Imagine you are on a plane flying from South Africa to your home country. These last 14 days, you have lived in an eco safari camp. On most days, local wildlife guides have taken you with them in their jeep. Together with their expertise, you have been trying to find the local, and from what you have heard impressive, wildlife. You have been dreaming of this trip for such a long time, but on your flight back home, you can’t help but feel disappointed.
You stare at the small screen of your camera, which you had especially bought for this trip. You were able to take only three wildlife pictures during your trip: one of a warthog, a greater kudu, and a springbok.
Even though you are pretty happy with the way these pictures turned out, you had hoped to observe giant African bush elephants, herds of zebra, packs of lions, a rhinoceros rolling in the mud or maybe even a hippo bathing in a water body surrounded by giraffes.
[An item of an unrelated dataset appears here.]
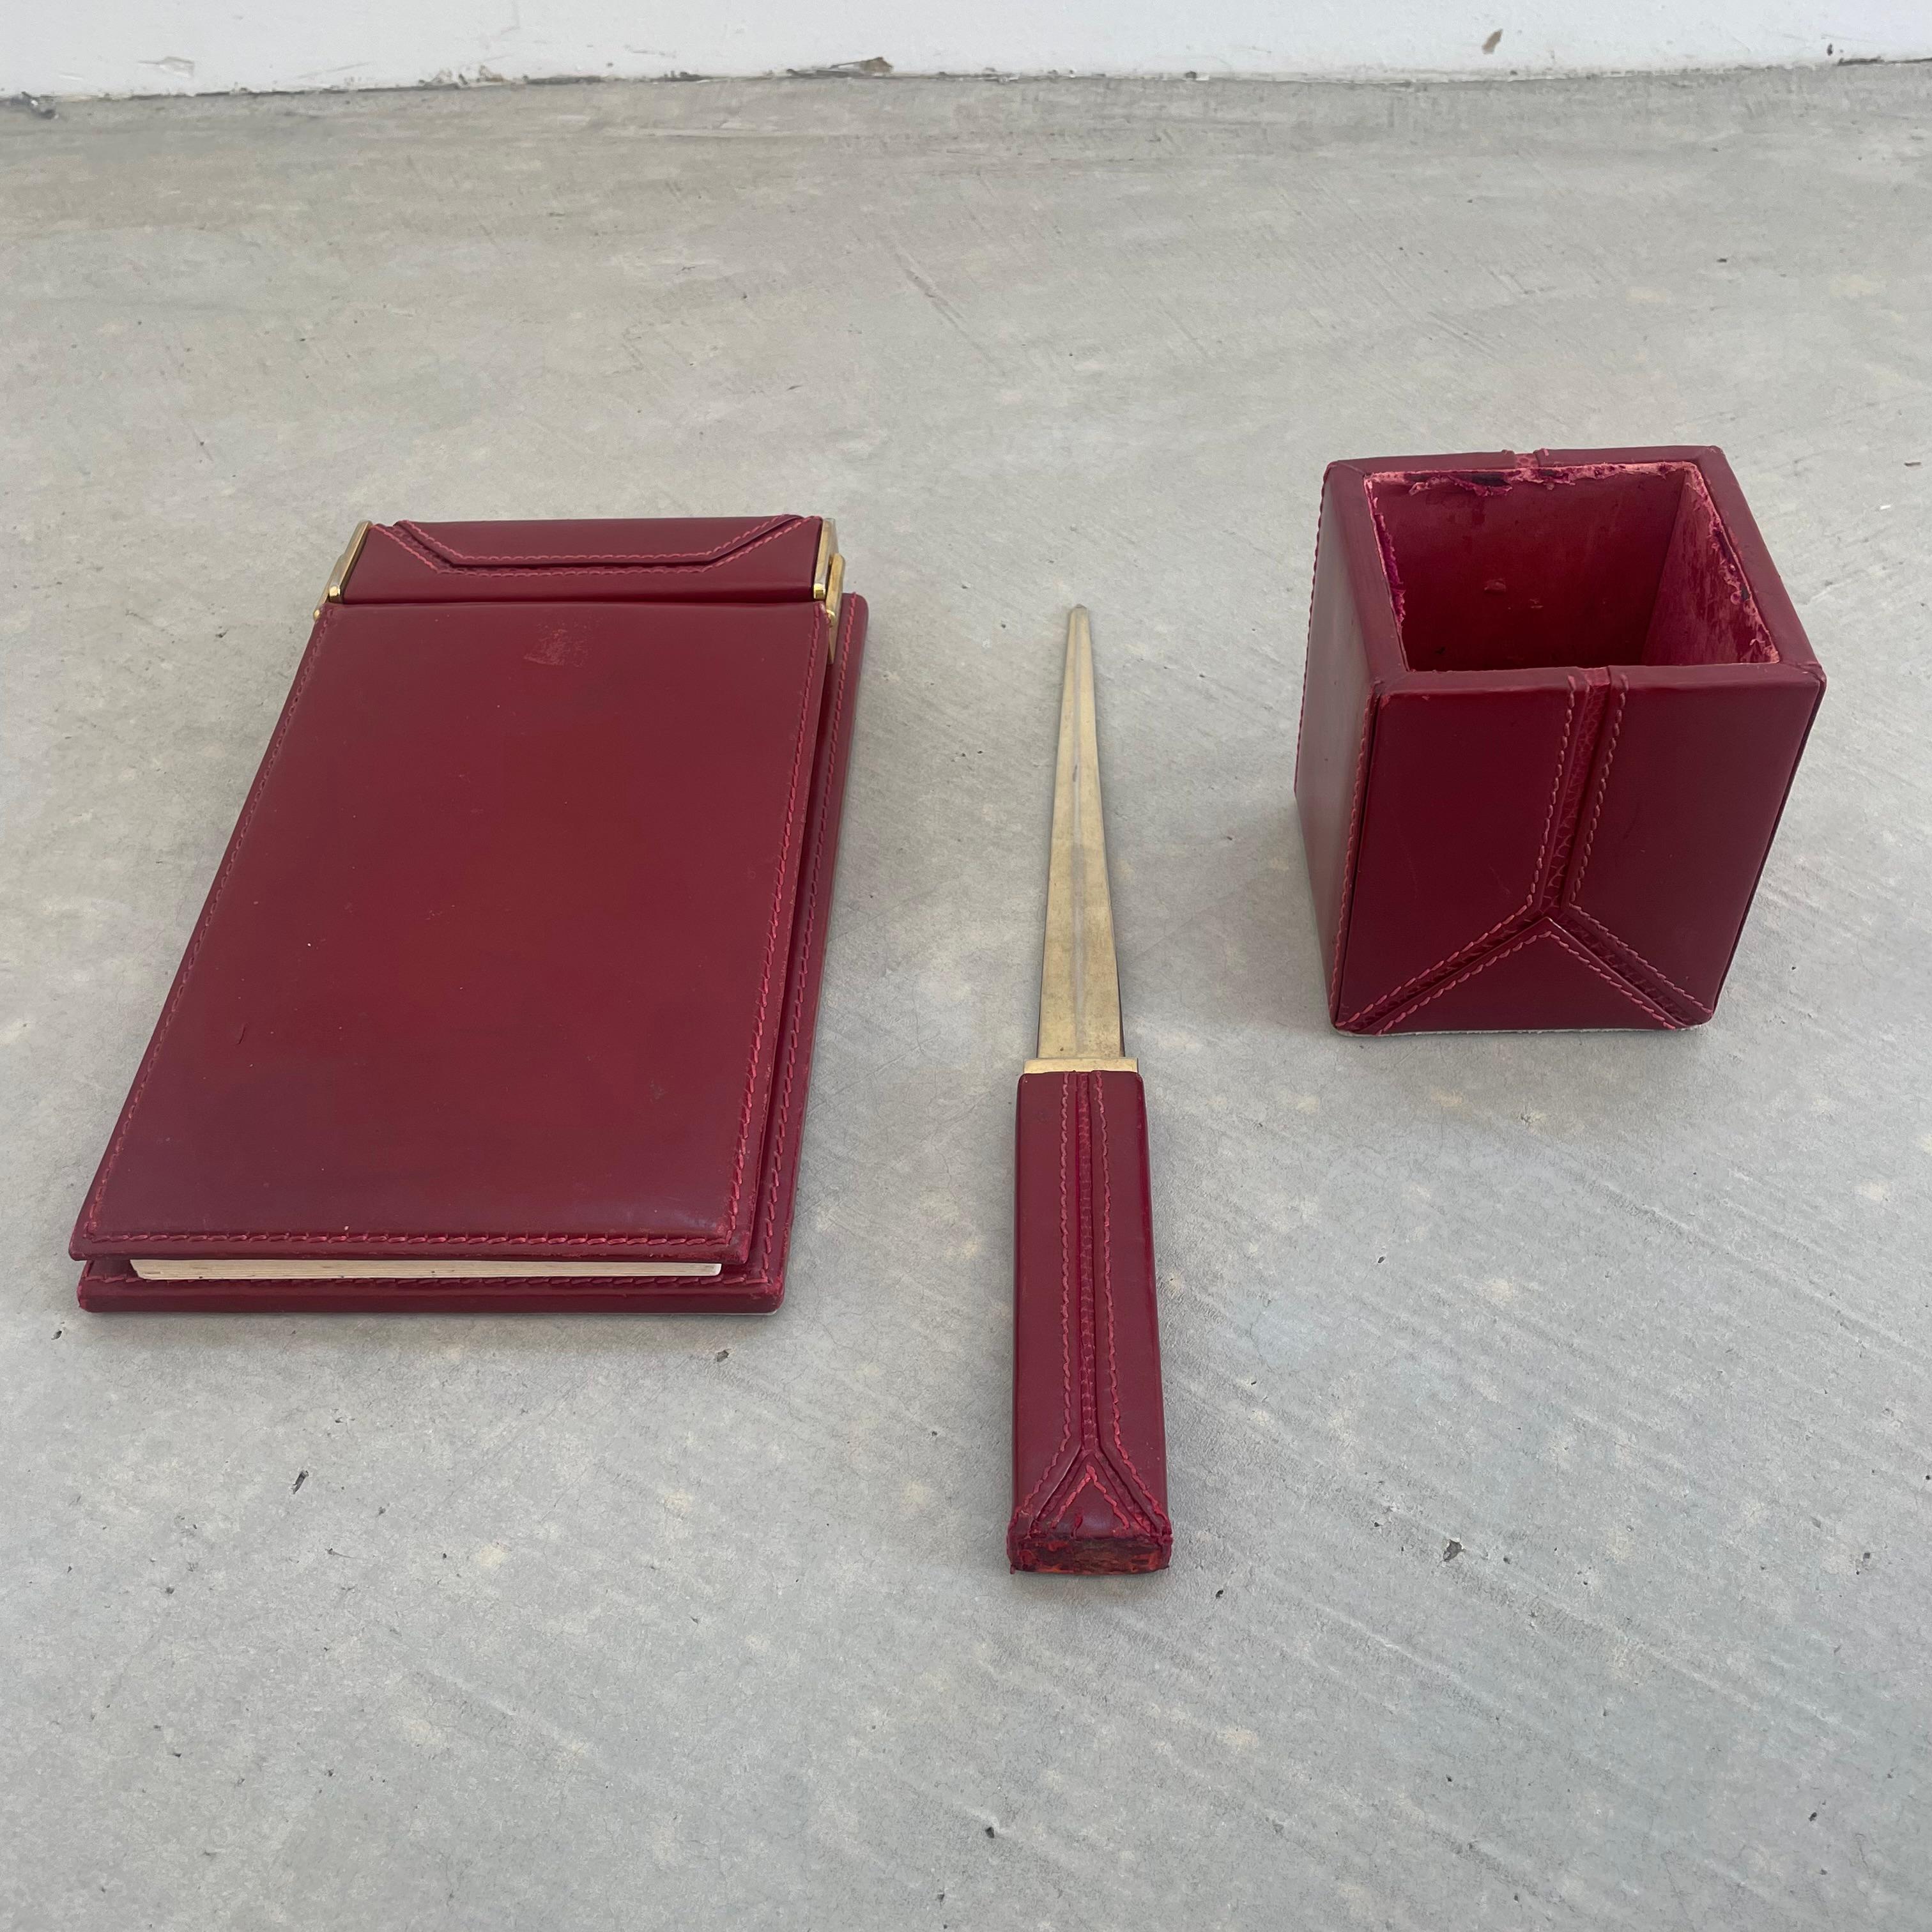 Hübsches Schreibtischset aus rotem Leder von Gucci. Hergestellt in Italien, ca. 1980er Jahre. Das Set besteht aus einem Notizblock mit Papier, einem Stifthalter und einem Brieföffner. Reiche Farbe zu Leder mit Eidechsenhaut kontrastiert mit dem

Where were all those large mammals?
A Safari in Belgium?
Back in Belgium (let’s pretend that this is where you have always lived), you start to miss the thrill of being in nature. So, one early morning, you put on your hiking shoes, get in the car and drive to a closeby area where you have always loved to go for a walk. You have only just begun walking and on the right-hand side of the path you spot a tiny hedgehog. You take out your phone, get a bit closer to the ground and take a quick picture. You can’t help but think how fortunate you are to have encountered this little creature on your morning stroll.
A couple of minutes later you sit down to take a break on a bench on the side of the road. After closing your eyes for a couple of seconds, and listening to the birds, you hear a quiet rustling in the bushes. You open your eyes and a fallow deer jumps out of the vegetation. It stops for a second in the middle of the road and then disappears behind some trees. You were not aware that wild deer inhabited this area. Of course, you have seen this species behind a fence, owned by humans. But never would you have dreamed to encounter one on your Sunday morning walk.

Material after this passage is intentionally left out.